The Skull Simulator & Functional Gain
Peder Carlsson6 developed a skull simulator, which in essence is a modified artificial mastoid. The BAHA uses a small point source screw that is embedded in the mastoid bone. This point source approach is designed to be an efficient mechanical transducer that yields significantly more gain (+20 dB) than conventional bone conduction hearing aids. This is primarily why the BAHA has been reported to be useful for a wider range of hearing losses than conventional bone conduction hearing aids. Such a skull simulator can be used to measure the electro-mechanical characteristics of the BAHA for both quality control concerns and to develop coupler/functional gain transfer functions.
These functions will be limited by the accuracy of the functional gain measurea standard error for 7 dB or 5 dB increment steps and 2.8 dB for 2 dB increment steps. Because a BAHA has a well-defined connection that has stable electro-mechanical characteristics, such a transfer function is stable and can be applied directly to specification sheets to calculate expected functional gain in an a priori manner. It should be pointed out that this would not be the case with the now discontinued Xomed Audiant that used a less efficient bone conductor-like transducer.
Usefulness of Assessment
Functional gain, in conjunction with the appropriate skull simulator, can yield data that is both reliable and valid. Frequency-specific information can be determined within reasonable clinical time requirements to verify or to make adjustments.

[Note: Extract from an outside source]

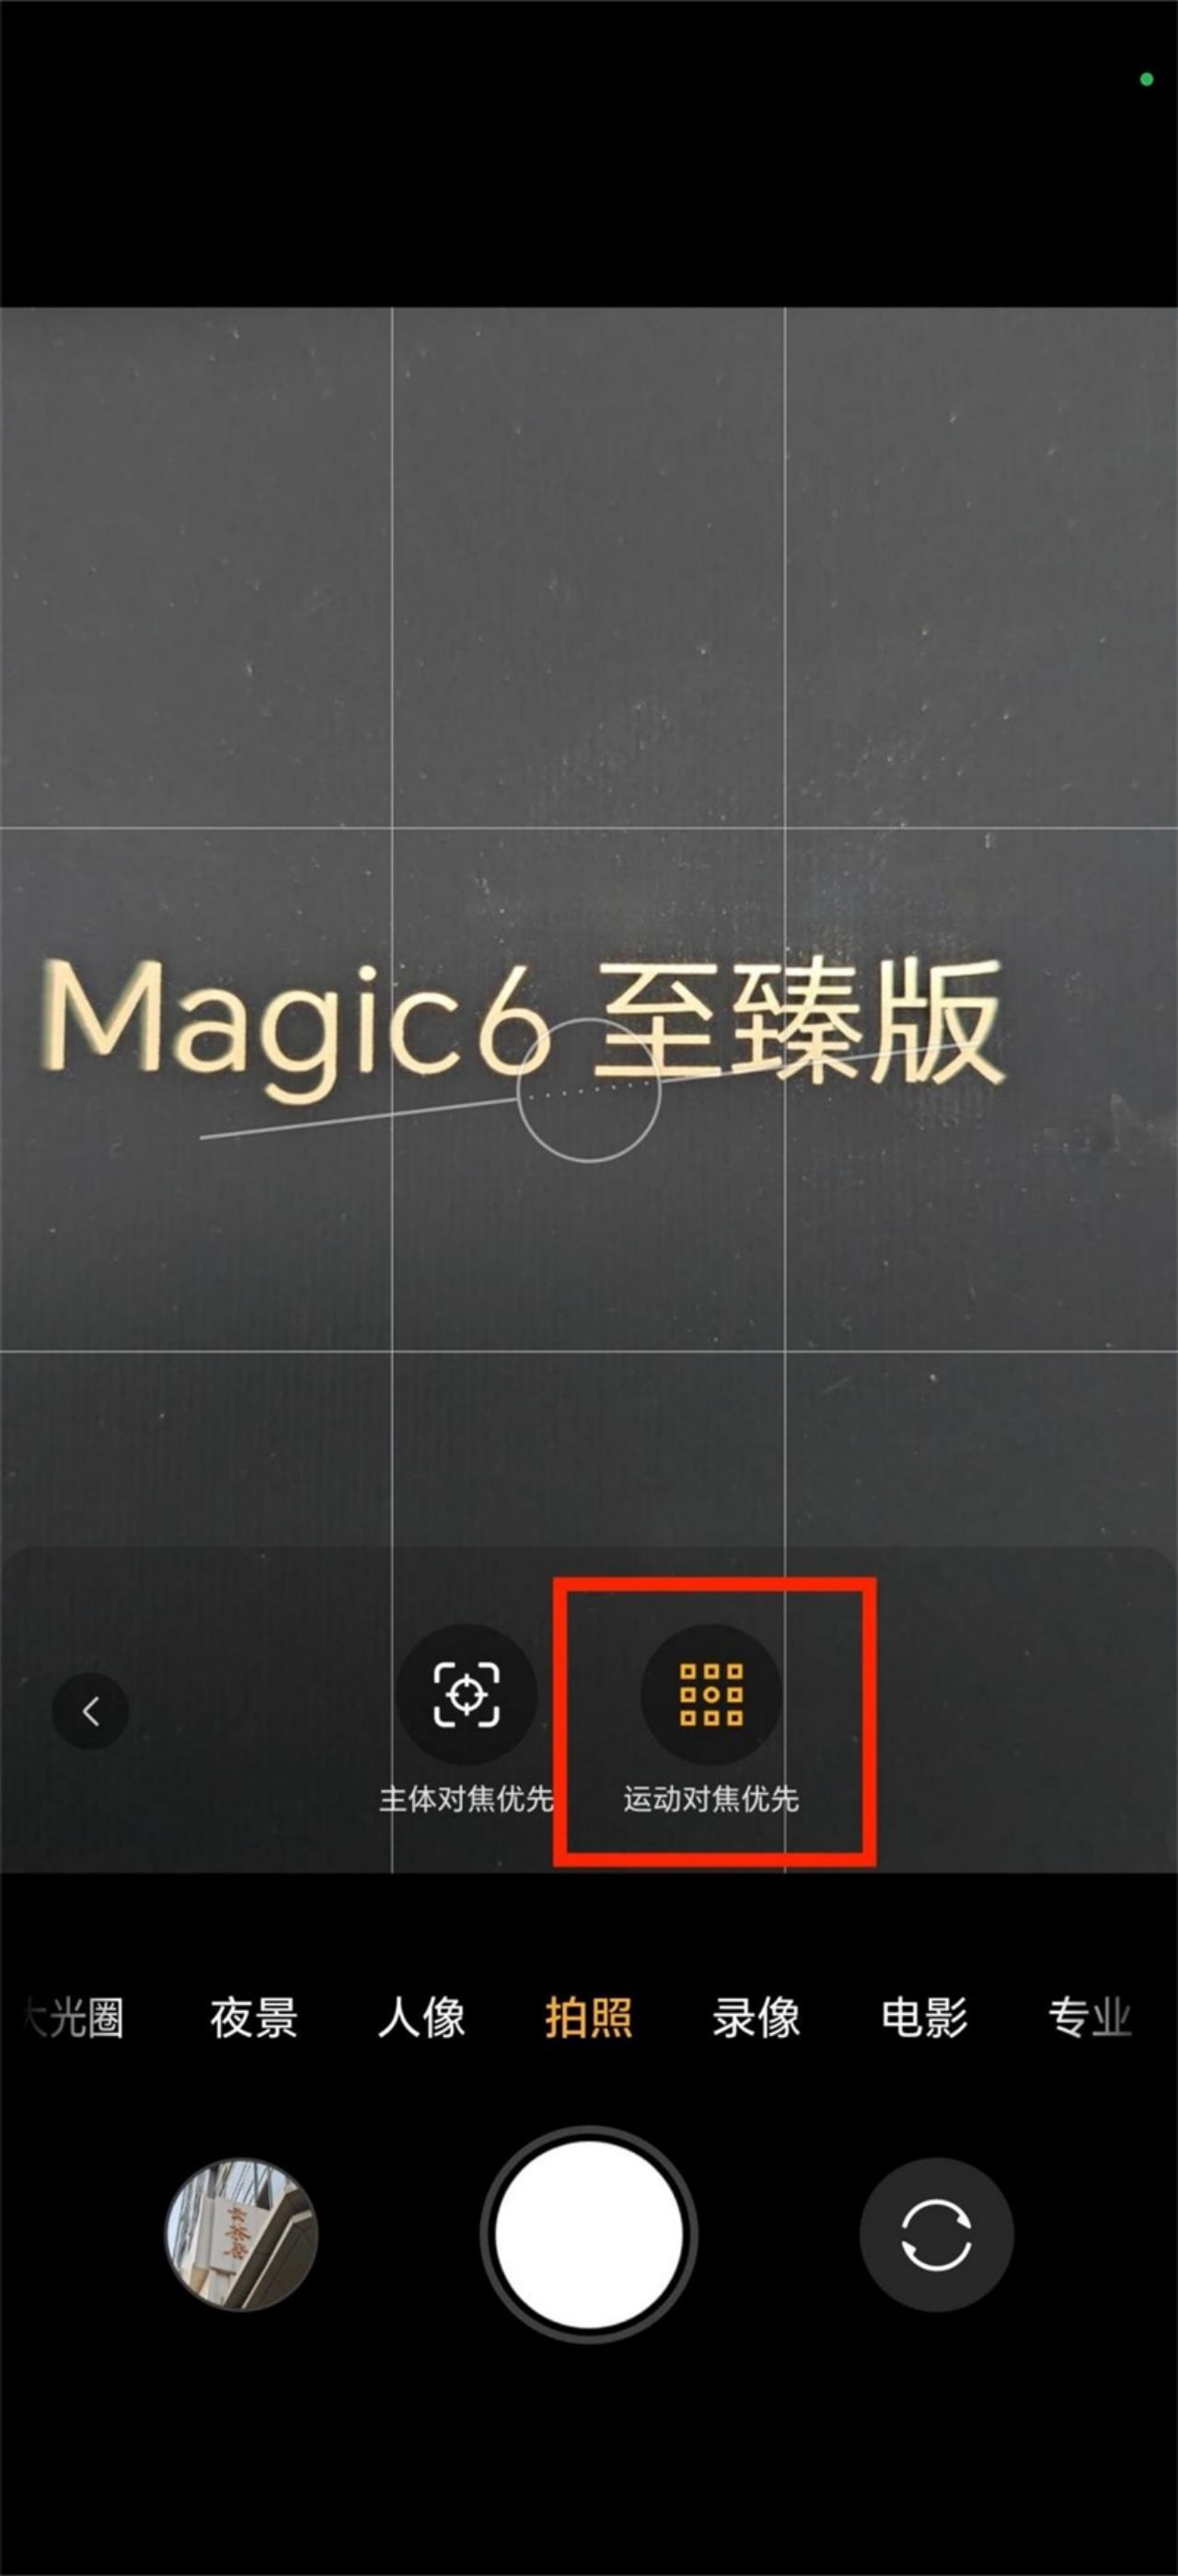 Honor Magic6 Ultimate Review

The data obtained can be correlated with other subjective test results that many clinicians have been using over the years, including the signal-to-noise ratio at 50% correct7, various speech-in-noise tests, and client satisfaction scales such as the SADL.8 Functional gain testing has some limitations, but these can be minimized if the incremental step size is kept small (e.g., 2 dB), especially near threshold, and as long as care is taken to prevent errors from entering into the calculations.
The author wishes to thank Elliott Berger for his comments on an earlier draft of this paper.
This article was submitted to HR by Marshall Chasin, MSc, coordinator of research at the Canadian Hearing Society. Correspondence can be addressed to HR or Marshall Chasin, Canadian Hearing Society, 271 Spadina Road, Toronto, Ontario M5R-2V3, Canada; email: [email protected].
1. Chasin M: Current trends in implantable hearing aids. Trends in Amplification 1997; 2 (3).
2. Chasin M: Bone conduction implants: The when and why. Hearing Review. 2000; 7(12):56-58.
3. Berger EH: Methods of measuring the attenuation of hearing protection devices. J Acoust Soc Amer 1986; 79 (6): 1655-1687.
4. American National Standards Instute. ANSI S3.6 (1996): Standard for audiometers. New York: ANSI, 1996.
5. Stenfelt S: Hearing by bone conduction: Physical and physiological aspects. Goteborg, Sweden: Dept. of Signals and Systems, Medical Electronics Group: Chalmers Univ of Technology, 1999.
6. Carlsson PU: On Direct Bone Conduction Hearing Devices. Technical Report No. 195, Goteborg, Sweden: Chalmers Univ. of Technology, 1990.
7. Hakansson B, Liden G, Tjellstrom A, Ringdahl A, Jacobsson M, Carlsson P & Erlandson BE: Ten years of experience with the Swedish bone-anchored hearing system. Ann Otol Rhinol & Laryngol 1990; Suppl. 151, 99 (10): Part 2.
8. Cox RM & Alexander GC: Measuring satisfaction with amplification in daily life: the SADL scale. Ear & Hear 1999; 20: 306-319.